Data:
##########

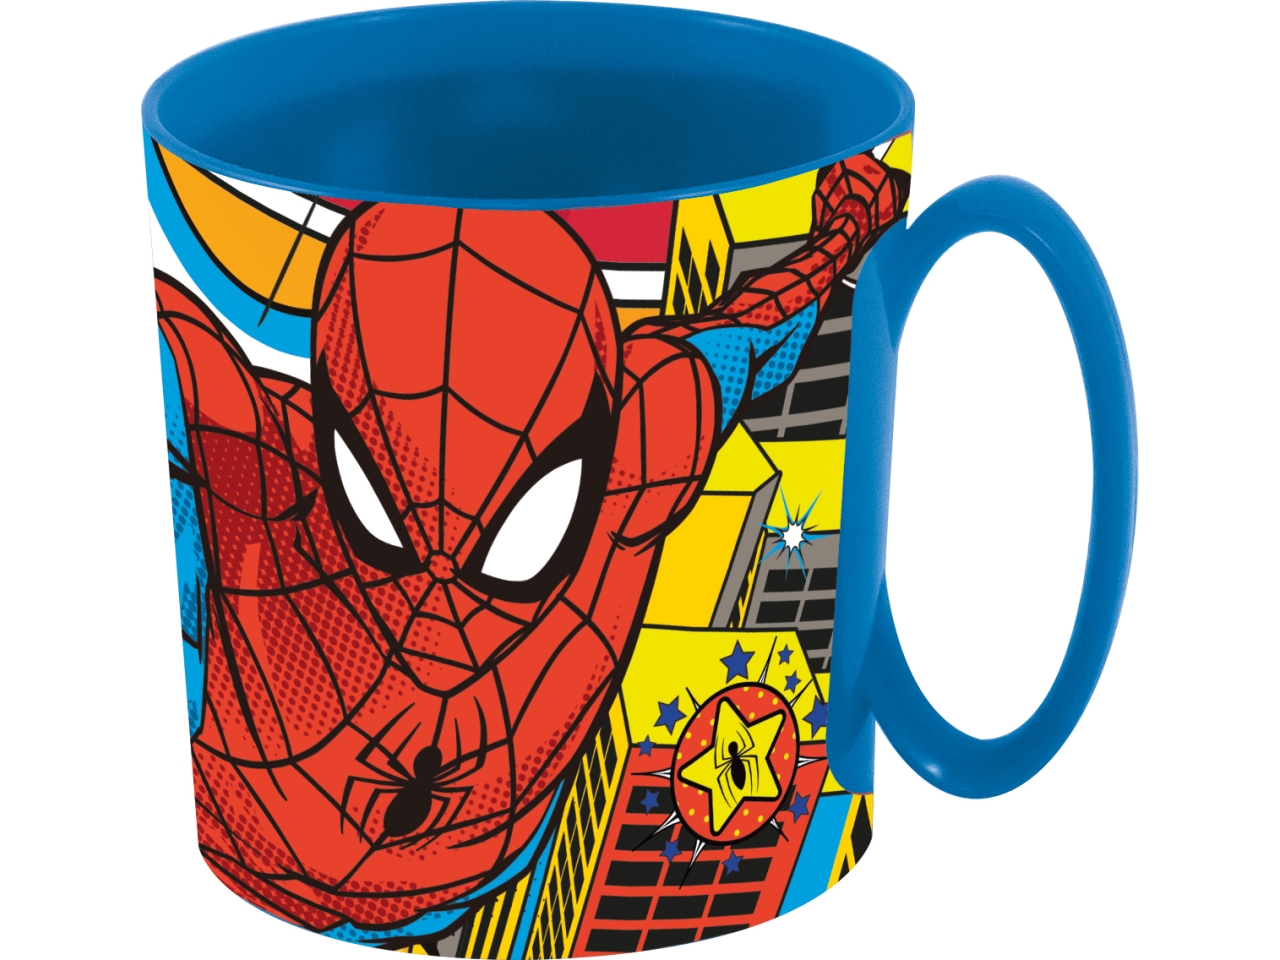 Spiderman mug da 390ml
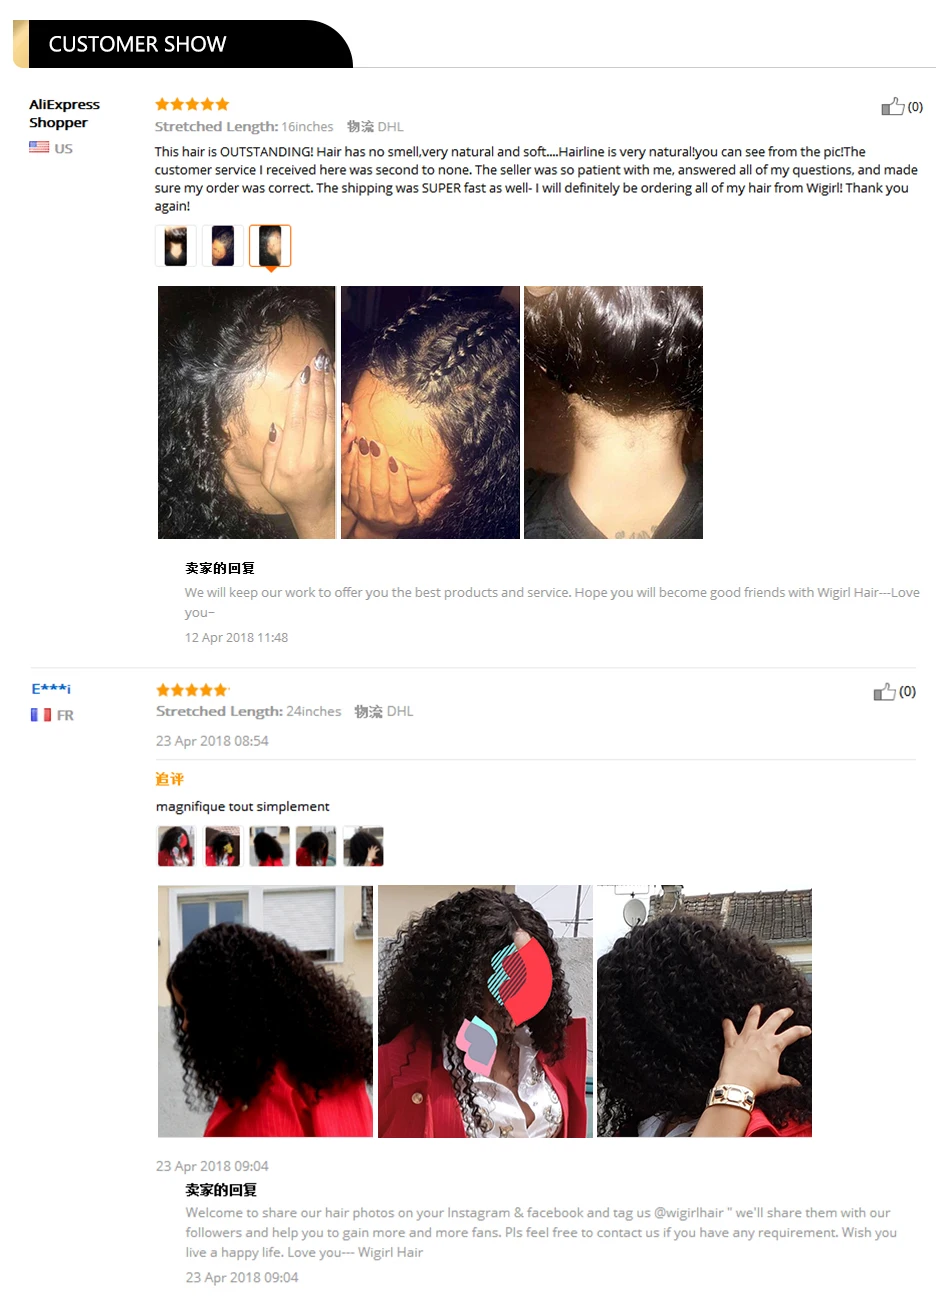 Wigirl, 8-26 дюймов, 360, фронтальный парик на шнурке, 250 плотность, человеческие волосы, парики для черных женщин, кудрявые человеческие волосы, парик
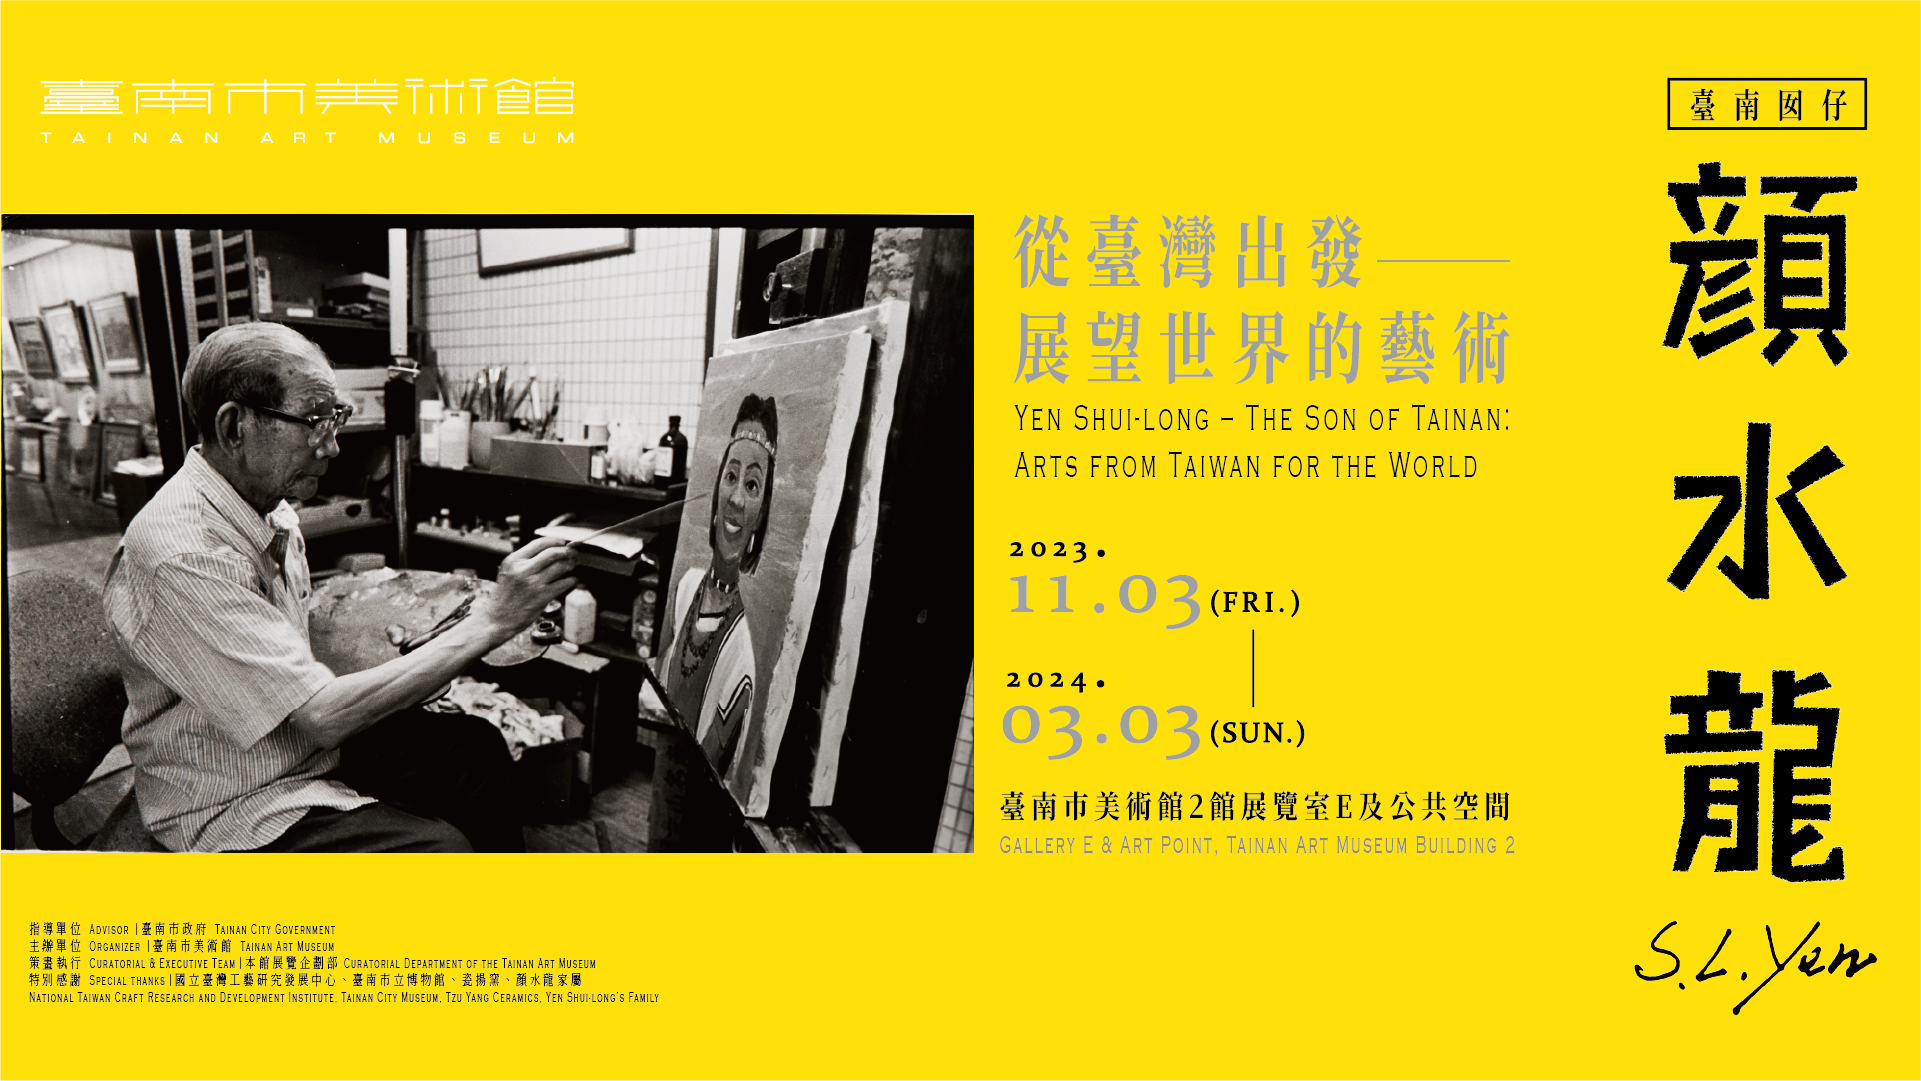 臺南囡仔顏水龍──從臺灣出發 展望世界的藝術 Yen Shui-long – The son of Tainan: Arts from Taiwan for the World

##########

Exercise: Print the complete listing exactly as it stands, without its pictures.

Answer:
 Spiderman mug da 390ml
 Wigirl, 8-26 дюймов, 360, фронтальный парик на шнурке, 250 плотность, человеческие волосы, парики для черных женщин, кудрявые человеческие волосы, парик
 臺南囡仔顏水龍──從臺灣出發 展望世界的藝術 Yen Shui-long – The son of Tainan: Arts from Taiwan for the World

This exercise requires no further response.